[Aim of the exercise]
Once the line containing "X-Bionic Energizer 4.0" is found in the entries below, restate it and each following line word for word, stopping after the line containing "München: Beck. ISBN".

[Exercise materials]

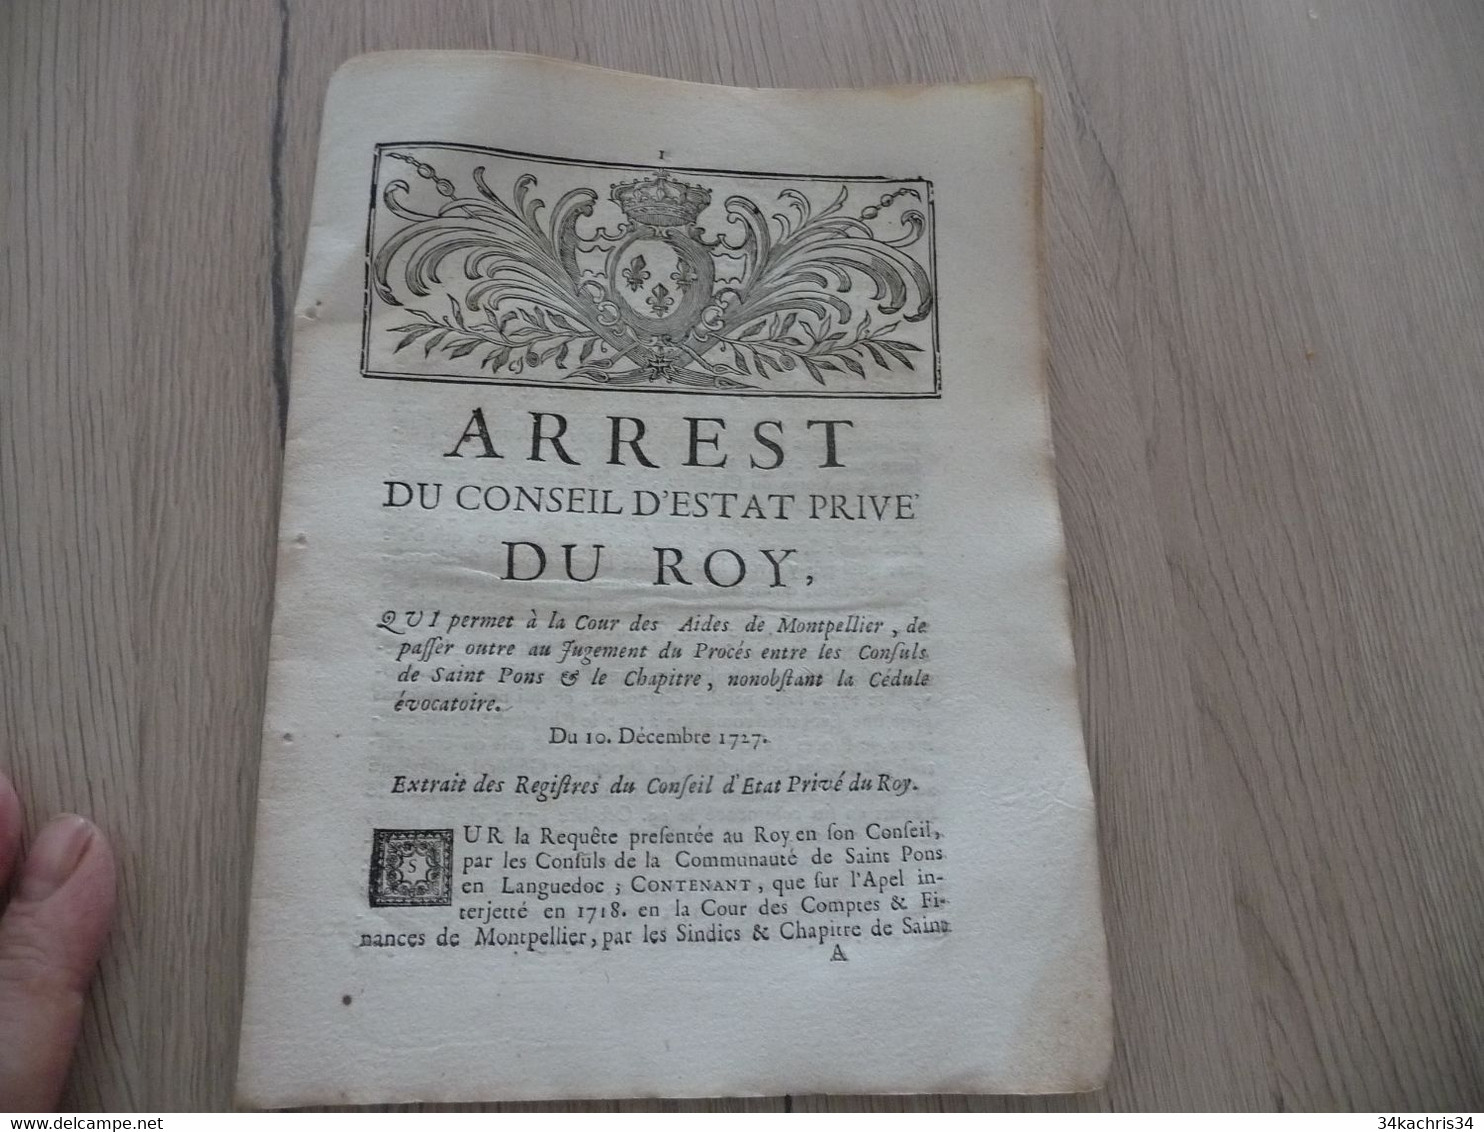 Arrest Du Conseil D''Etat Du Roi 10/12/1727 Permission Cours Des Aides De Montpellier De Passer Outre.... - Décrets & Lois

...

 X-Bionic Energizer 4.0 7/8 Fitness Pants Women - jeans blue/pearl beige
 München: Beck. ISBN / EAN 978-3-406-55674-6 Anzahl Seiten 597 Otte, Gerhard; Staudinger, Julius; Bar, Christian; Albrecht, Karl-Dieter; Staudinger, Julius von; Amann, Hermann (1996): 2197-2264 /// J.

* * *

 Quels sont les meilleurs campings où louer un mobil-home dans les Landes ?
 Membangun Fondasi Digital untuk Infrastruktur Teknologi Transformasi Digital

[Solved problem]
 X-Bionic Energizer 4.0 7/8 Fitness Pants Women - jeans blue/pearl beige
 München: Beck. ISBN / EAN 978-3-406-55674-6 Anzahl Seiten 597 Otte, Gerhard; Staudinger, Julius; Bar, Christian; Albrecht, Karl-Dieter; Staudinger, Julius von; Amann, Hermann (1996): 2197-2264 /// J.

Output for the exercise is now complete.